*Data*:
BEGIN

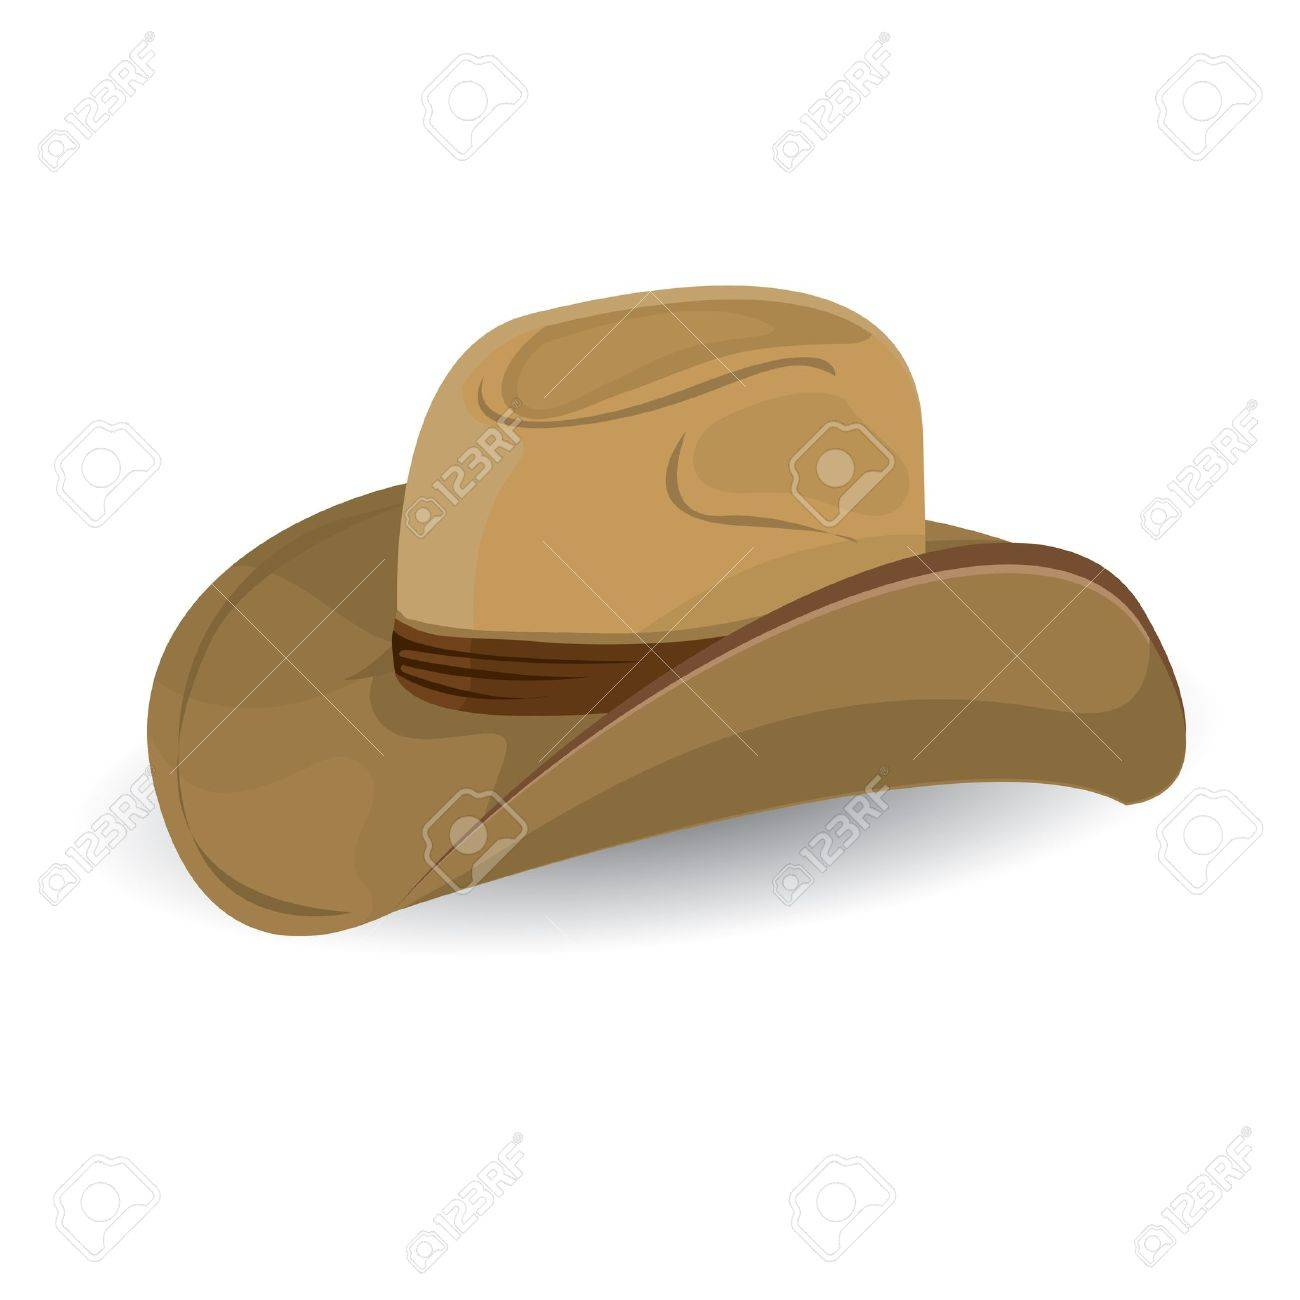 cowboy hat. vector illustration. Stock Vector - 23853767
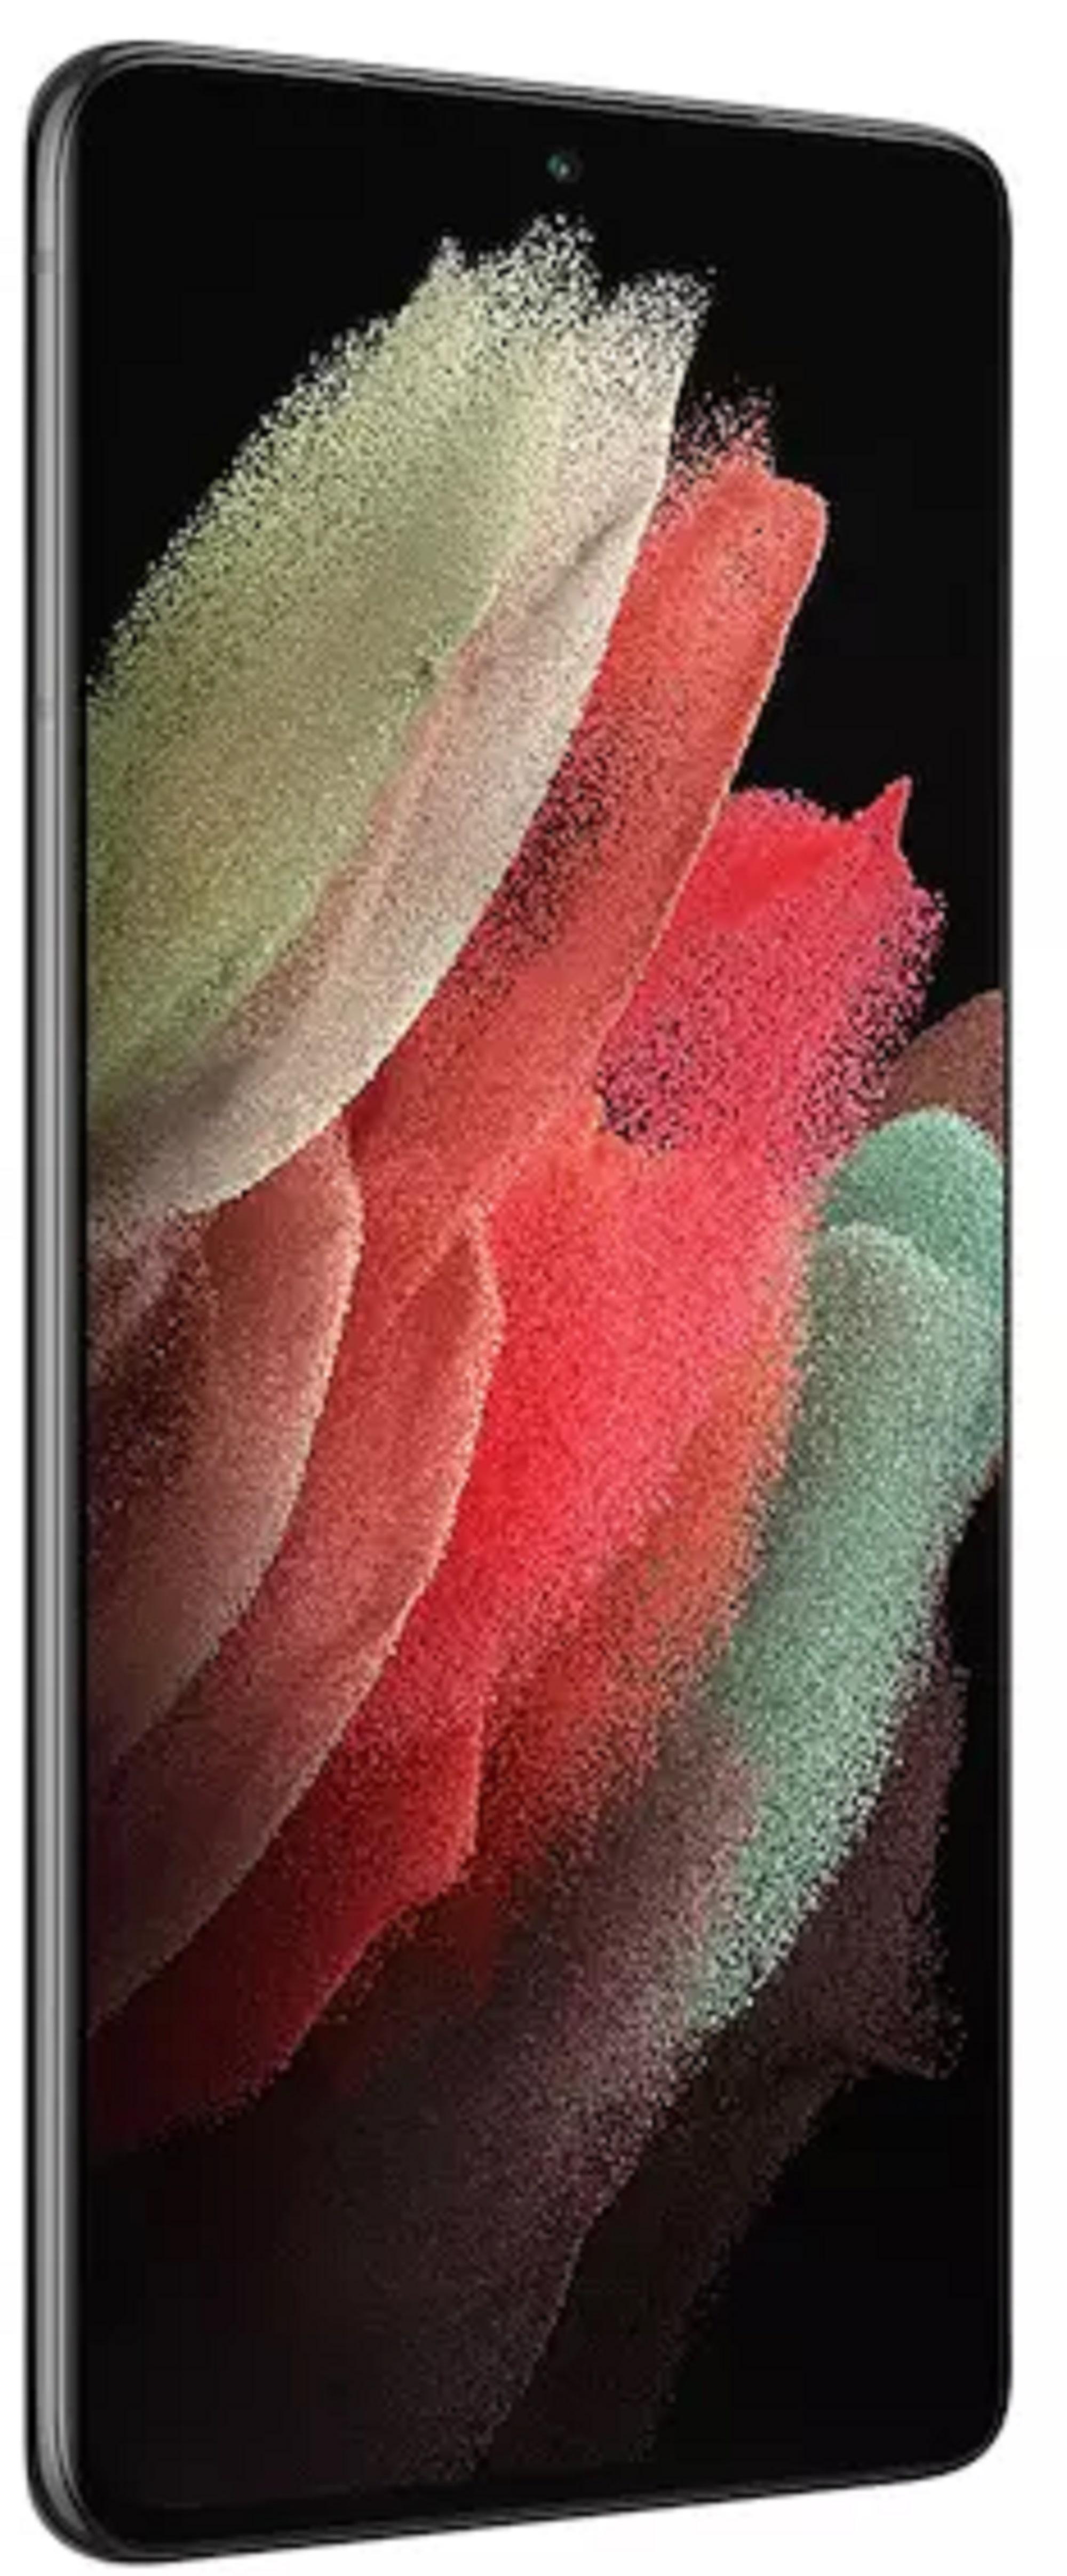 thumbnail 5 - Samsung Galaxy G998U S21 Ultra 5G 128GB Unlocked Smartphone - Excellent
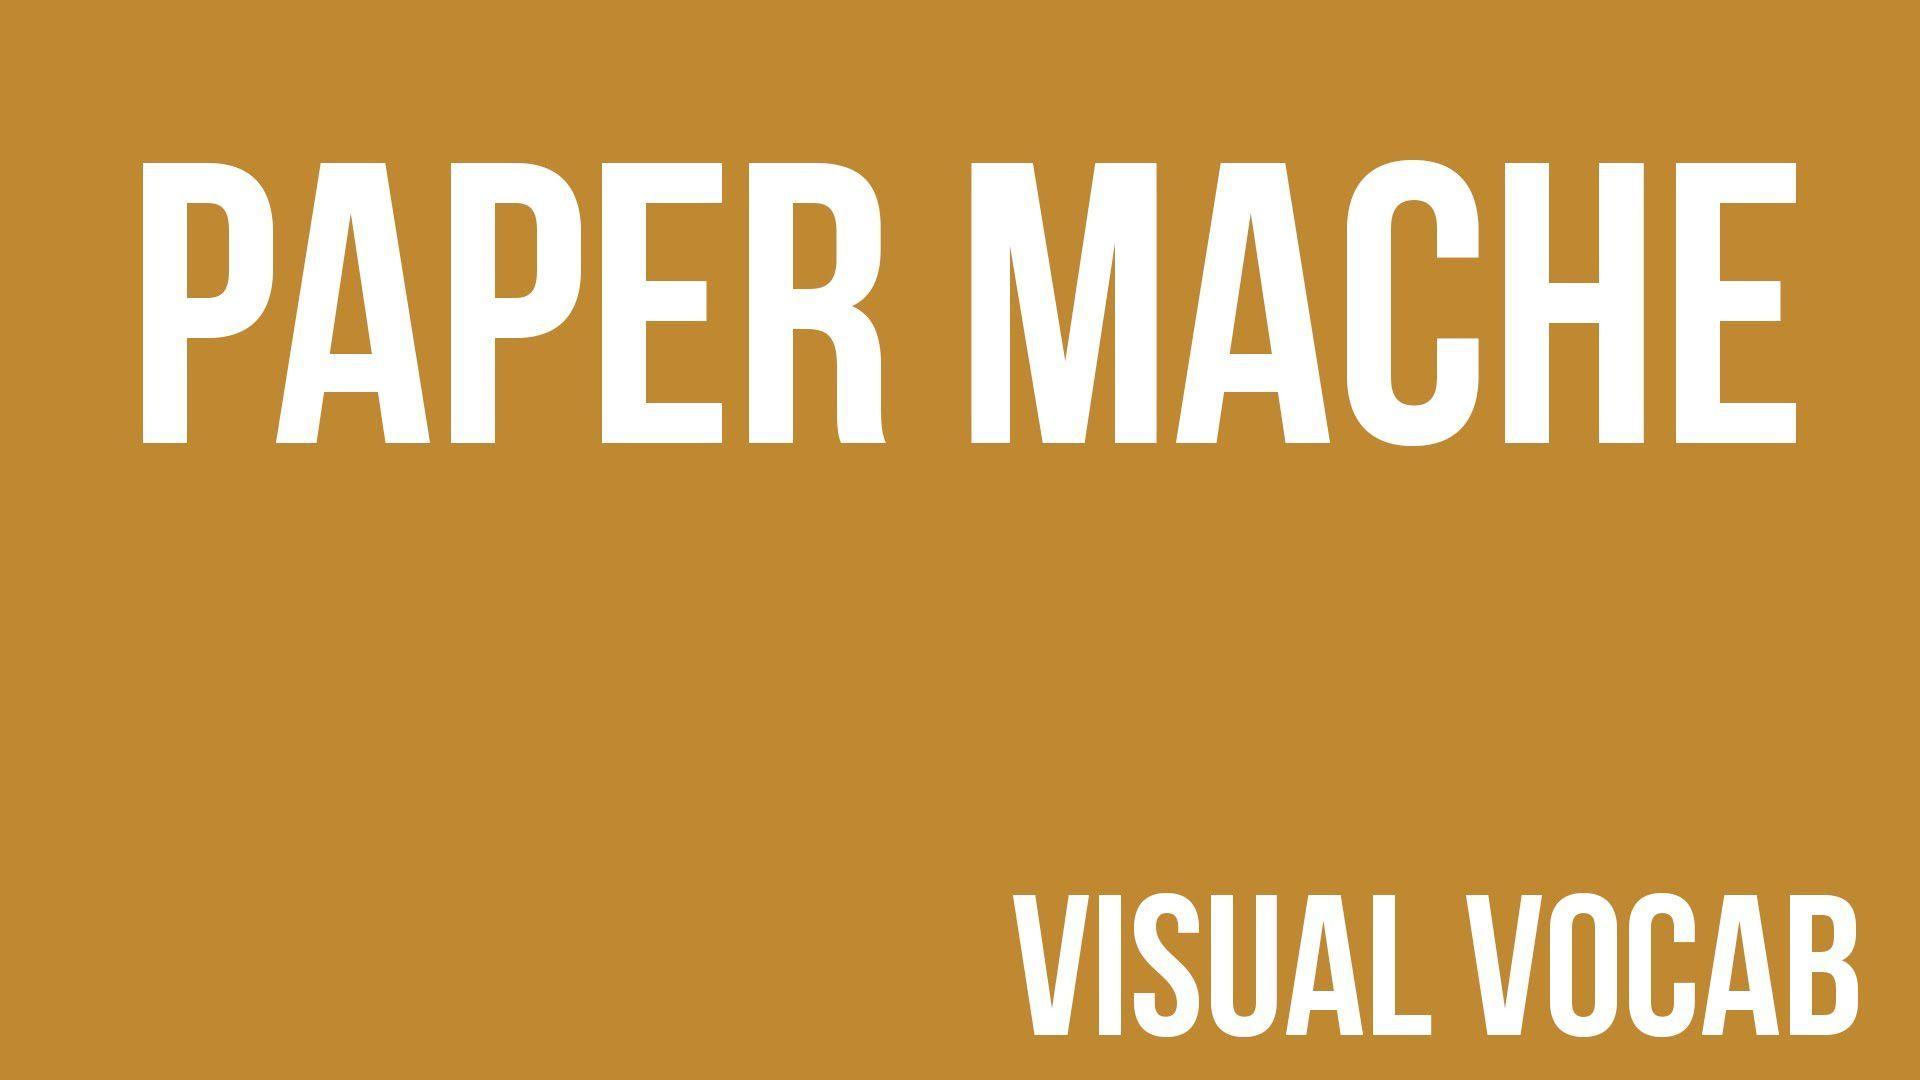 Paper Mache Defined

END

*Exercise description*:
When you copy the listing, keep every line exactly as it is but leave out all images.

*Exercise answer*:
 cowboy hat. vector illustration. Stock Vector - 23853767
 thumbnail 5 - Samsung Galaxy G998U S21 Ultra 5G 128GB Unlocked Smartphone - Excellent
 Paper Mache Defined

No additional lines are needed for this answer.